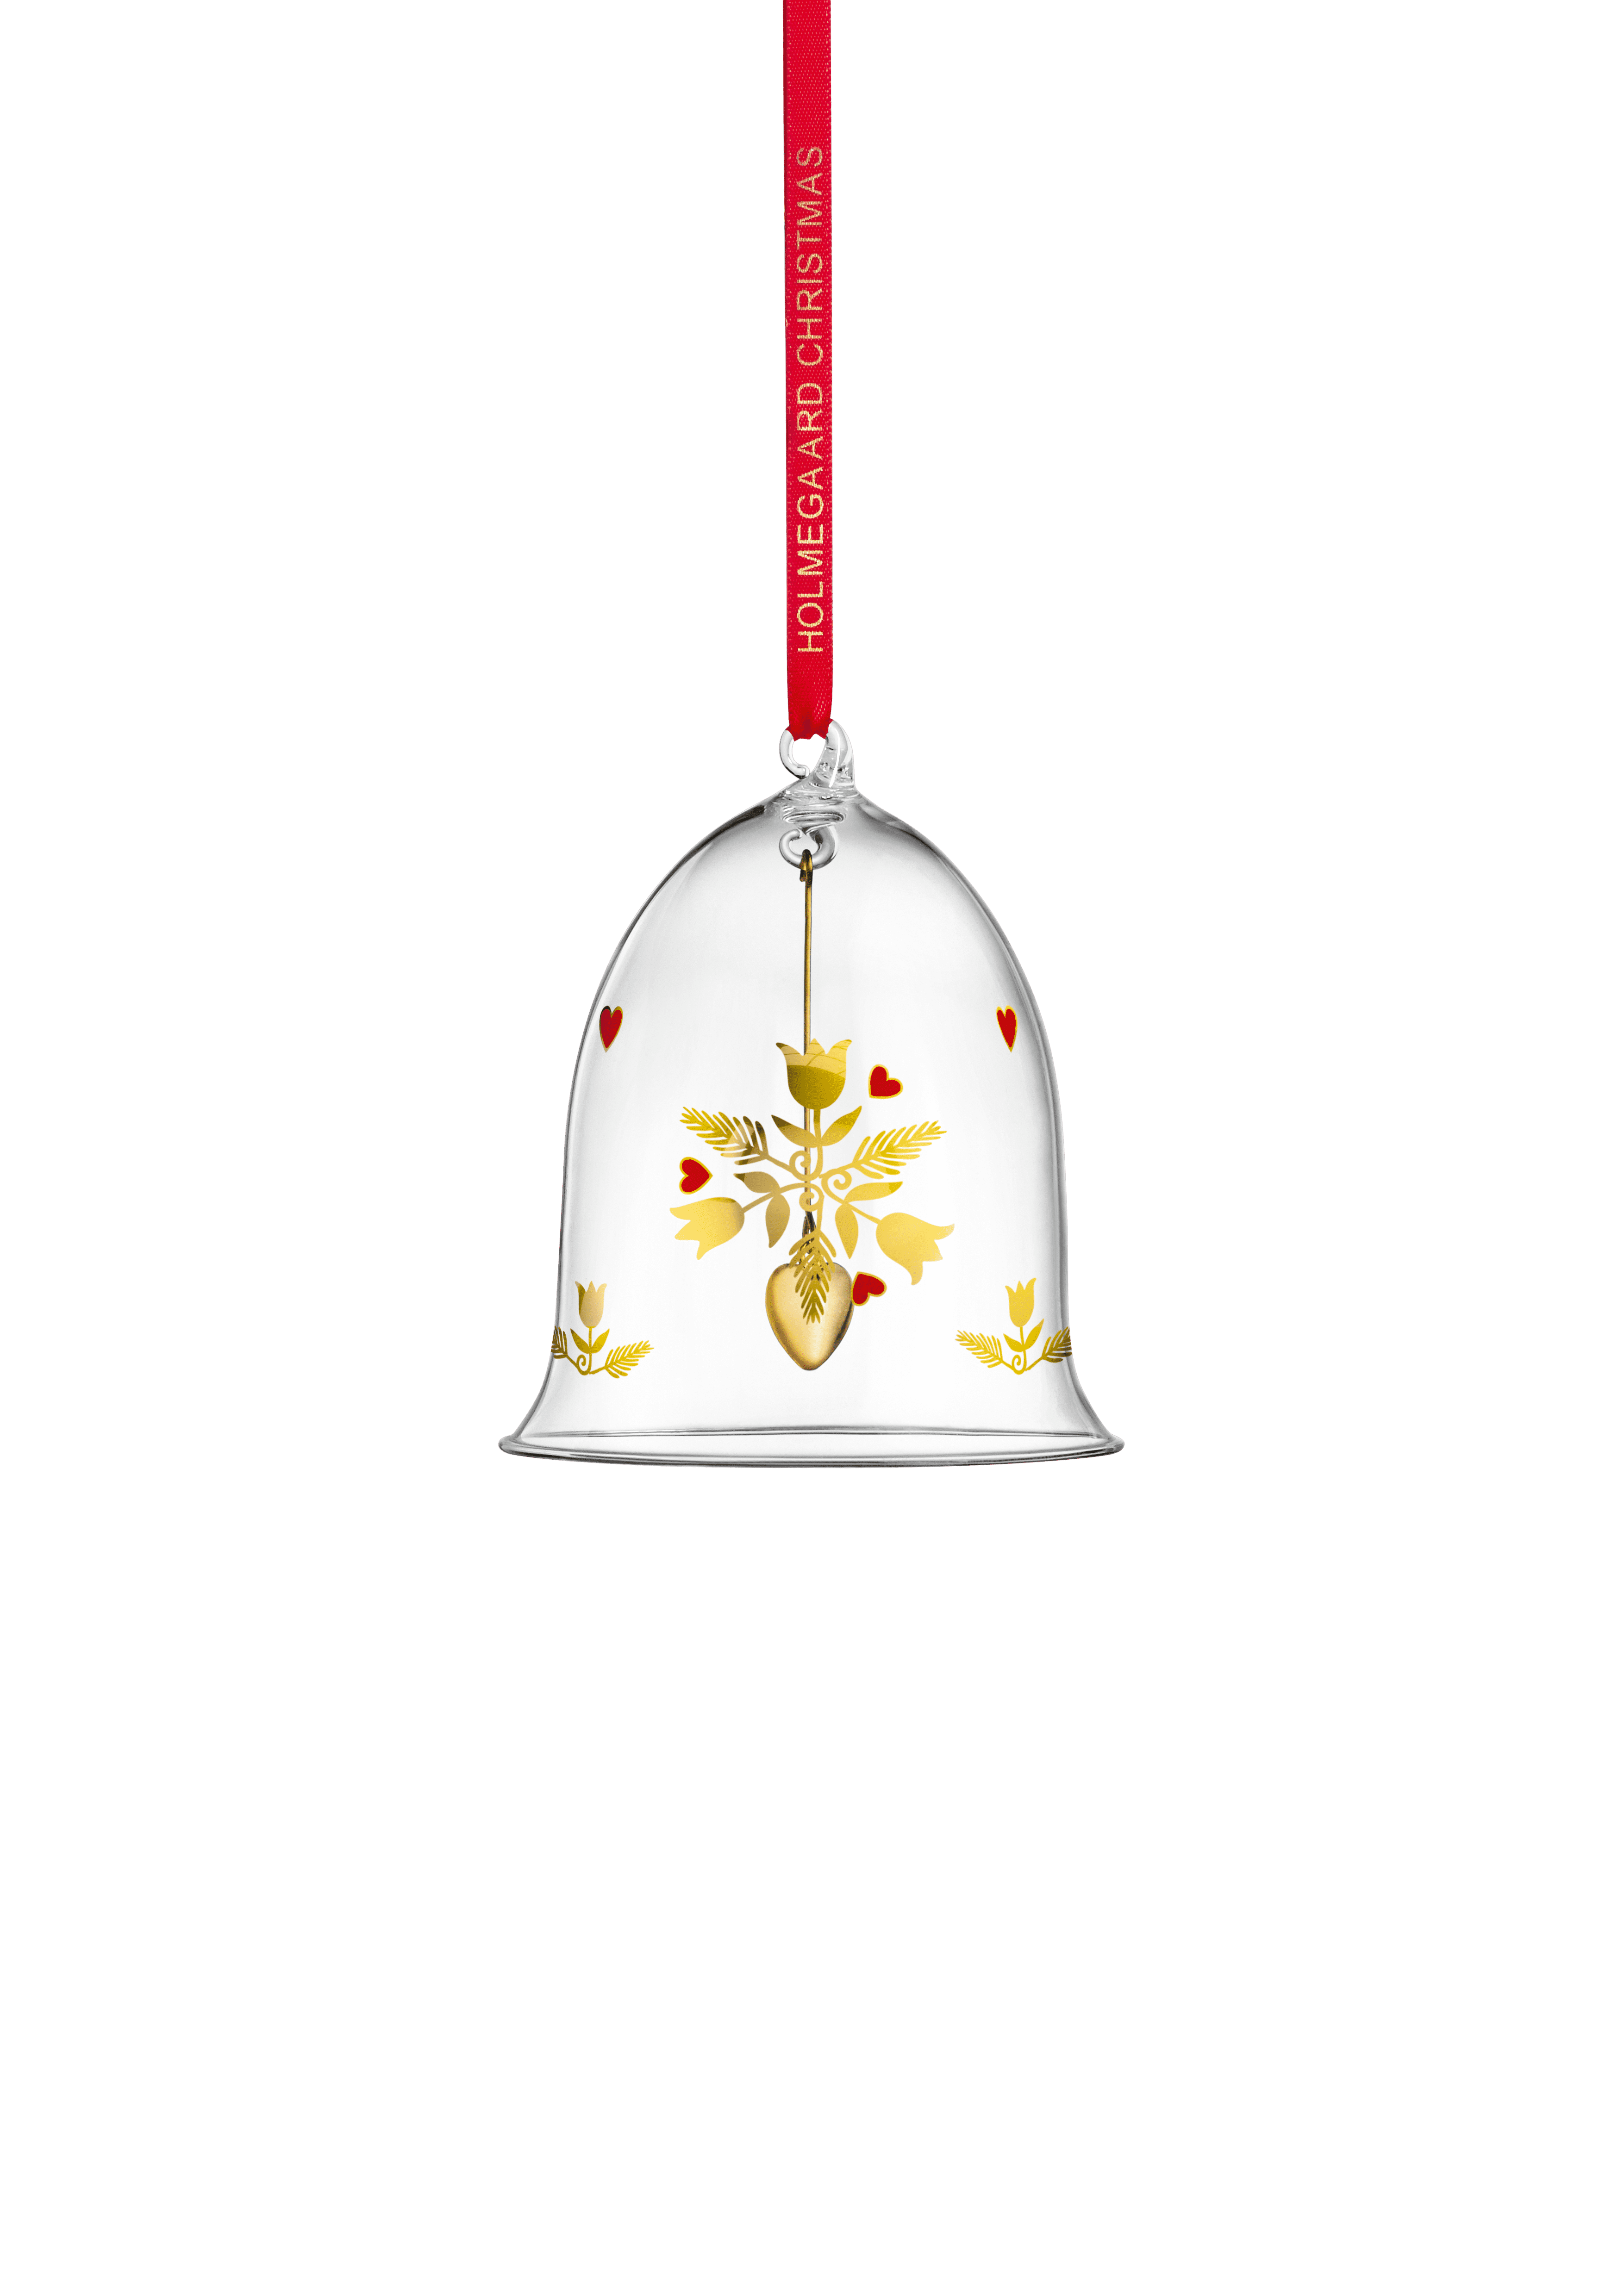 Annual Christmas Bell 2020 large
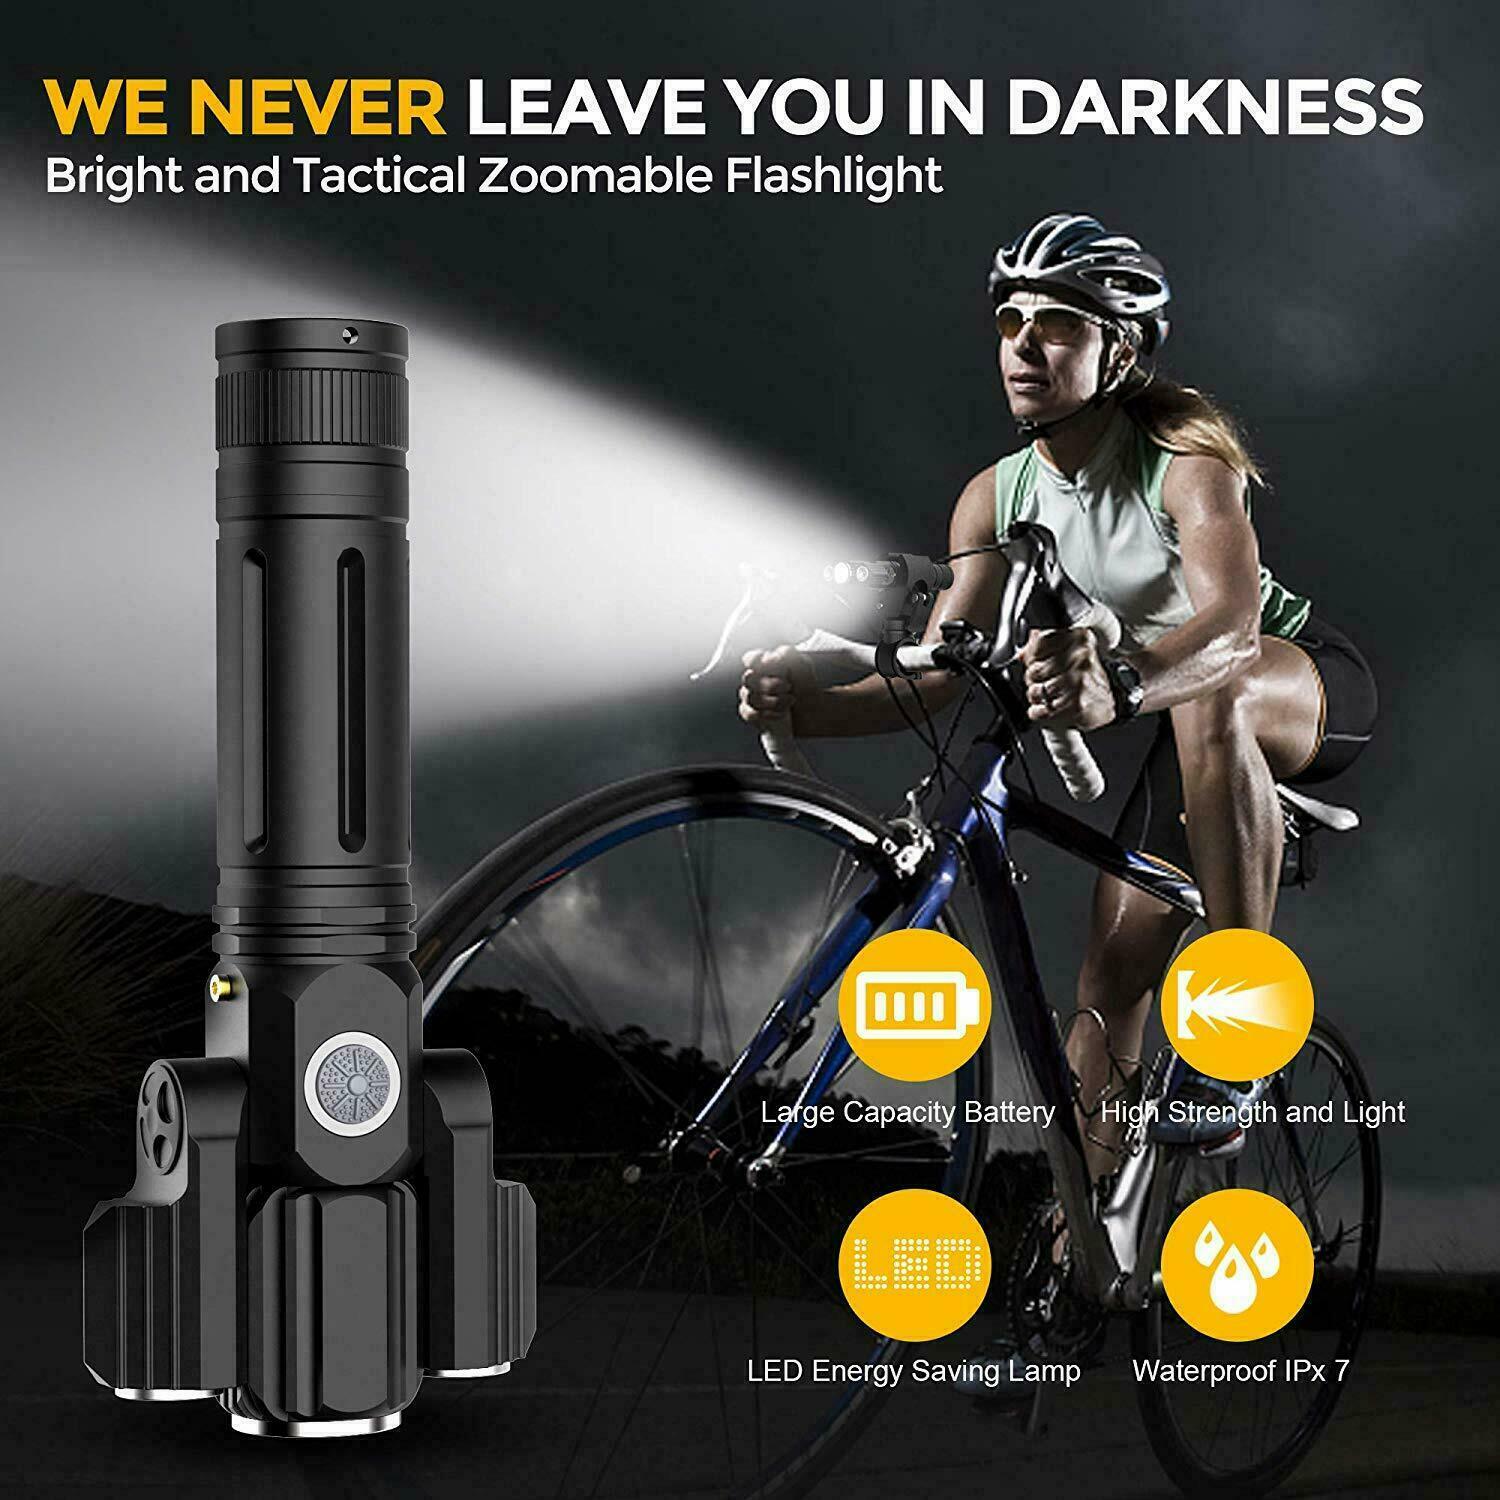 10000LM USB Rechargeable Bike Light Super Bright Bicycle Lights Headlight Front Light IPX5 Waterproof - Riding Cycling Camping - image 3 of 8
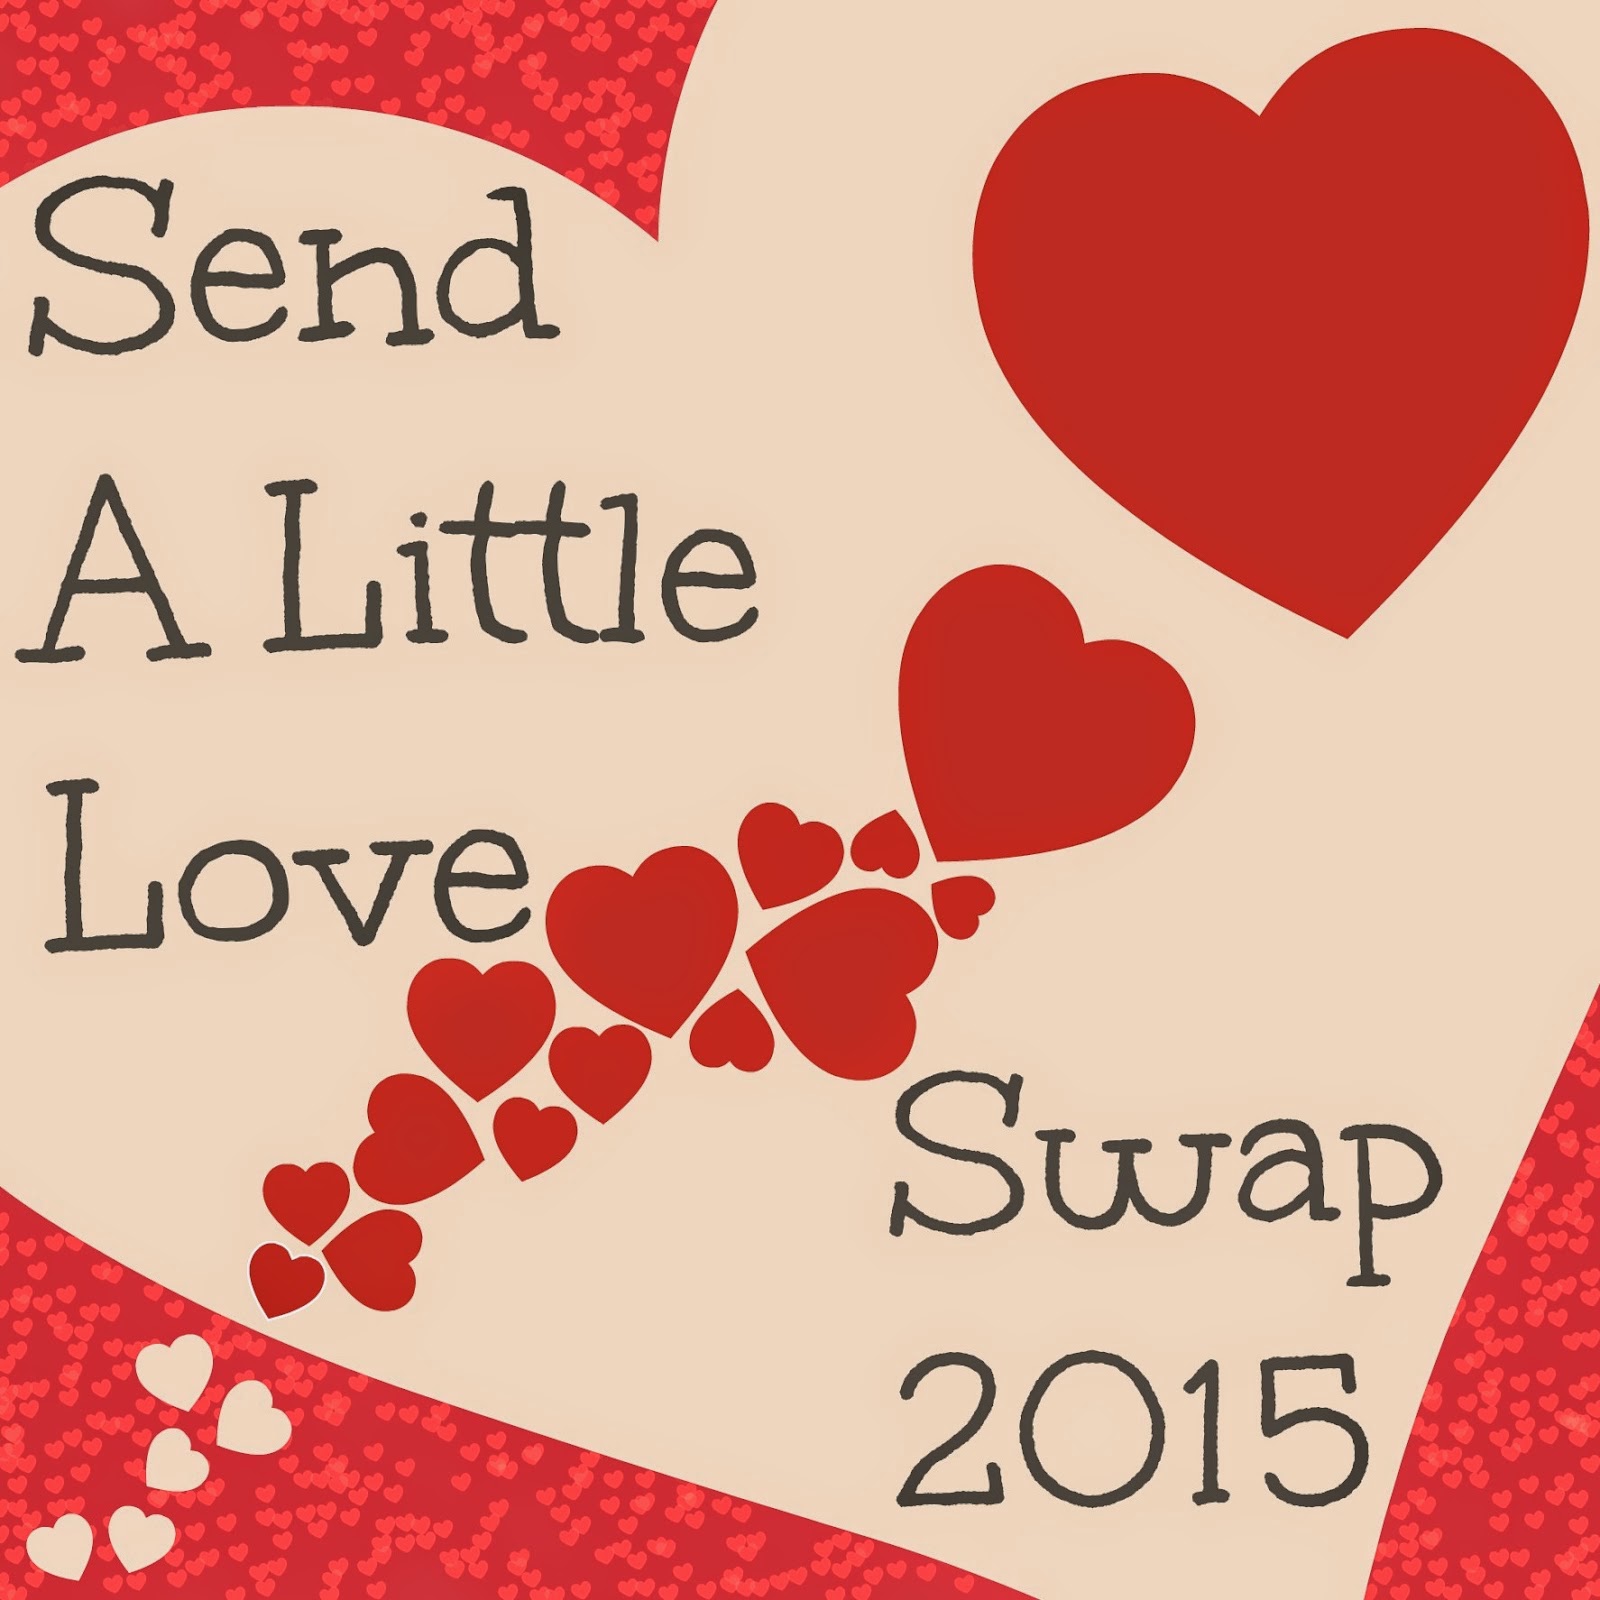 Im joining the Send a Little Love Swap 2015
■ ■ ■ ■ ■ ■ ■
What is required :: Write out all the material above exactly, with no image carried over.

Response ::
 Annual Christmas Bell 2020 large
 10000LM USB Rechargeable Bike Light Super Bright Bicycle Lights Headlight Front Light IPX5 Waterproof - Riding Cycling Camping - image 3 of 8
 Im joining the Send a Little Love Swap 2015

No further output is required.